In the 1950s, Wenner-Gren also got involved in the early computer business. For a railroad project connecting
California with
Alaska, he got in touch with
Glenn Hagen, previously an engineer with
Northrop Aircraft, who had founded Logistics Research in
Redondo Beach outside Los Angeles, developing computers based on magnetic
drum memory. In November 1952, Wenner-Gren helped the company to incorporate. He soon controlled the company and renamed it ALWAC (the Axel L. Wenner-Gren Automatic Computer). ALWAC I was used in 1953, ALWAC II and ALWAC III in 1954,
ALWAC III-E in 1955. In 1956 and 1957, the model ALWAC III-E was considered a competitor to the
IBM 650, having fewer parts and good economy, but no more than 30 units seem to have been delivered. Soon after this, magnetic drum machines were made obsolete by the introduction of the
magnetic core memory.
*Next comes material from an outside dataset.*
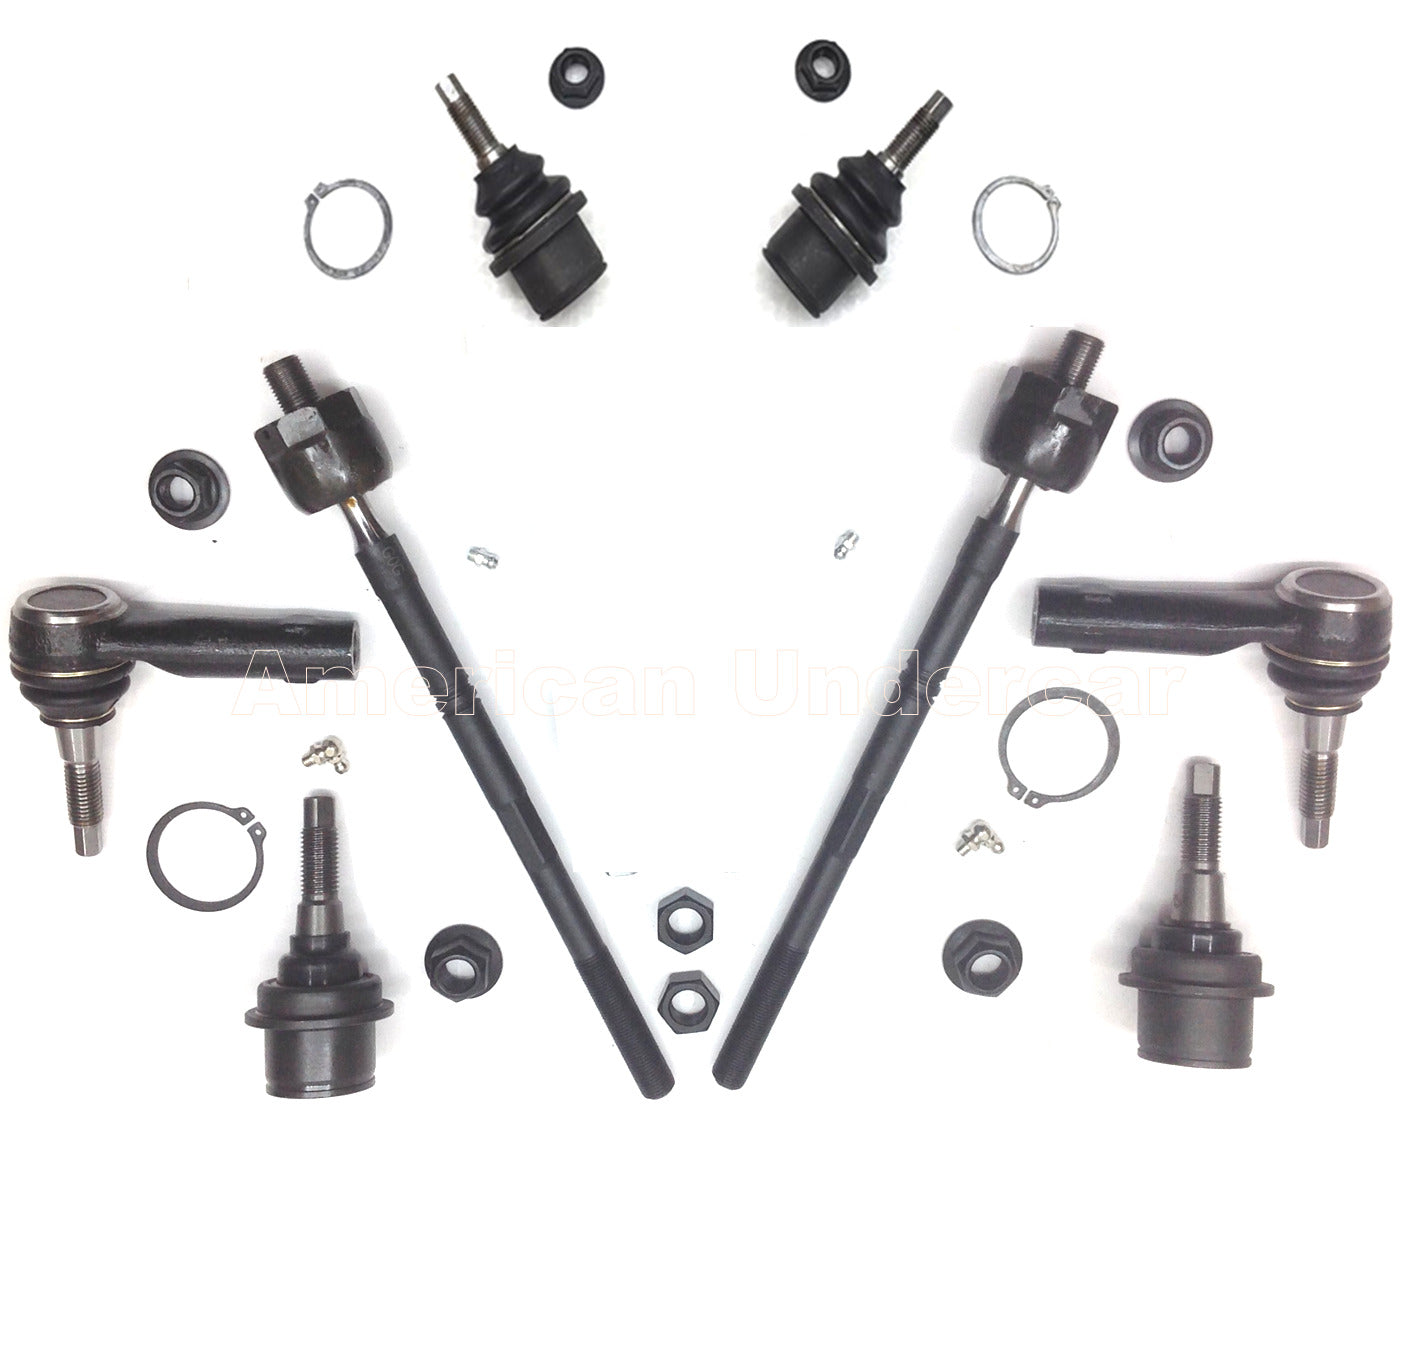 HD Ball Joints Tie Rod Steering Suspension Kit for 2018-2021 Ford Expedition 4x4

By 1956 the number of employees tripled to over 300 and the company was relocated to an industrial park in
Hawthorne, California. The appearance of the
transistor in the electronics industry in 1957 was a financial shock for all vacuum tube computer makers and by 1958 ALWAC in Hawthorne closed and its employees, with the help of Wenner-Gren himself, were successfully hired by
Litton Industries and
Autonetics and several smaller electronics companies. The follow-up ALWAC 800 was a failed design that never went beyond prototype, using not only core memory but also
magnetic logic (a combination of semiconductor diodes and magnetic cores, cf.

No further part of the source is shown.